Only one stretch of the data below is needed. Output the lines from the one with "Használati útmutató különböző" up to and including the one with "Soulfrito Music Festival 2022", exactly as they stand.

+++ PROVIDED RECORDS +++

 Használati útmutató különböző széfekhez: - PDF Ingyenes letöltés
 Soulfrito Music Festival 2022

+++
+++ PROVIDED RECORDS +++

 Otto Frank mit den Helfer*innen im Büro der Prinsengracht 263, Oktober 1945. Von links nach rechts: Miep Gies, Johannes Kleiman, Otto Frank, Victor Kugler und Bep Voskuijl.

+++

TASK SOLUTION:
 Használati útmutató különböző széfekhez: - PDF Ingyenes letöltés
 Soulfrito Music Festival 2022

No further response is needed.